In recognition of two of the greatest records in baseball history, the last player to hit 400 and the owner of the 56 game hitting streak, Ted Williams and Joe DiMaggio together threw out the first pitch. I was absolutely in awe and when we gathered off the field, standing a few feet from two of the greatest to ever put on the uniform, I whispered to Alannah, “Do you know who that is?“, gesturing to the silver-hair man a few feet away. She didn’t and I said quietly, “That’s Joe DiMaggio!”

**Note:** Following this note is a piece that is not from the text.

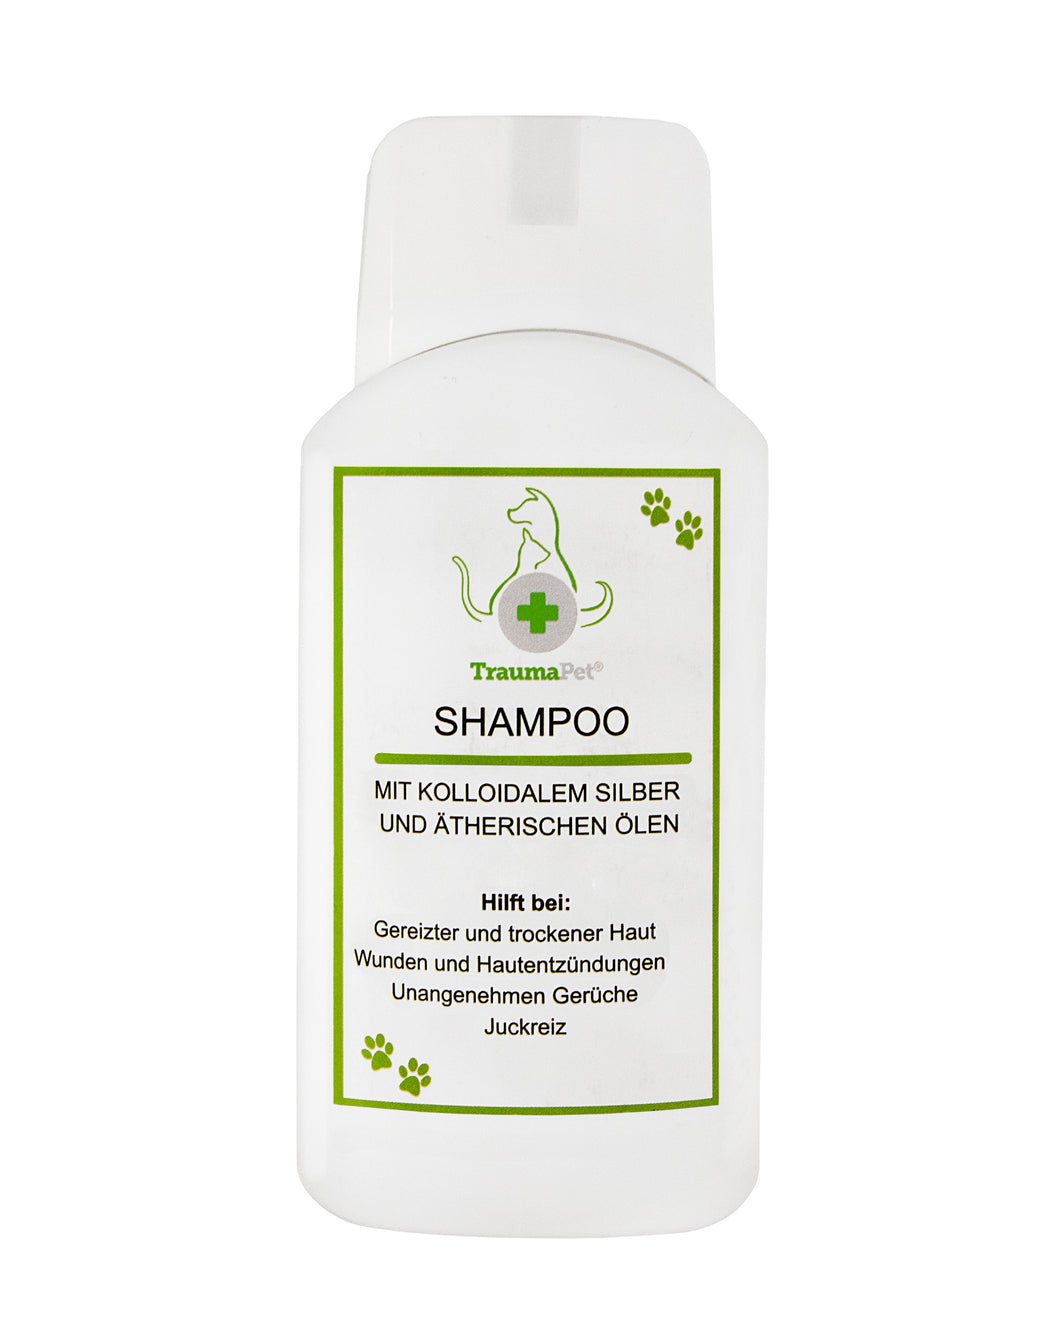 Shampoo for dogs and cats with colloidal silver and essential oils

Her eyes widened, and she whispered to me, “Marilyn Monroe!”.

I said, “Joltin’ Joe!”.

She replied, “Marilyn Monroe!”.

“The Yankee Clipper!!”

And so on.

I think there’s quite a bit of overlap between the lives of entertainers and athletes. The performance aspect, the fan relationship, and the rigours of travel. Geddy Lee is a serious baseball fan, and every time I run into him, all we talk about is baseball. He’s well known for his dedication to the Jays. When I was producing a special on Rush for MuchMusic, we sat down for an extensive interview. We rambled through many topics, including athletes and musicians, about which Geddy had this to say,

“I’ve met a lot of athletes in the last few years, because of my attraction to baseball and their attraction to music. Very similar lives we lead, the kind of concentration, the kind of “live and die” in front of the public, the kind of itinerant lifestyle… the being yanked out of your home life and thrown into a professional life that’s separate but not separate. An athlete can’t hide his mistakes as well as a musician can-I think it’s a more humbling profession.”

I remember when people asked me what it was like doing 4 hours of live television, with no net, no delay, every day. I drew a couple of comparisons. I said it was like improv comedy in that you were expected to mess up and the audience loved watching you figure out how to clean up the mess, live in front of the nation. It also seemed like being a closer in baseball, who has to enter the game in the late innings and try to finish it off. If you got your ass handed to you, as will happen, you had to go home, forget about it and come back for more the next day.

“A humbling profession.”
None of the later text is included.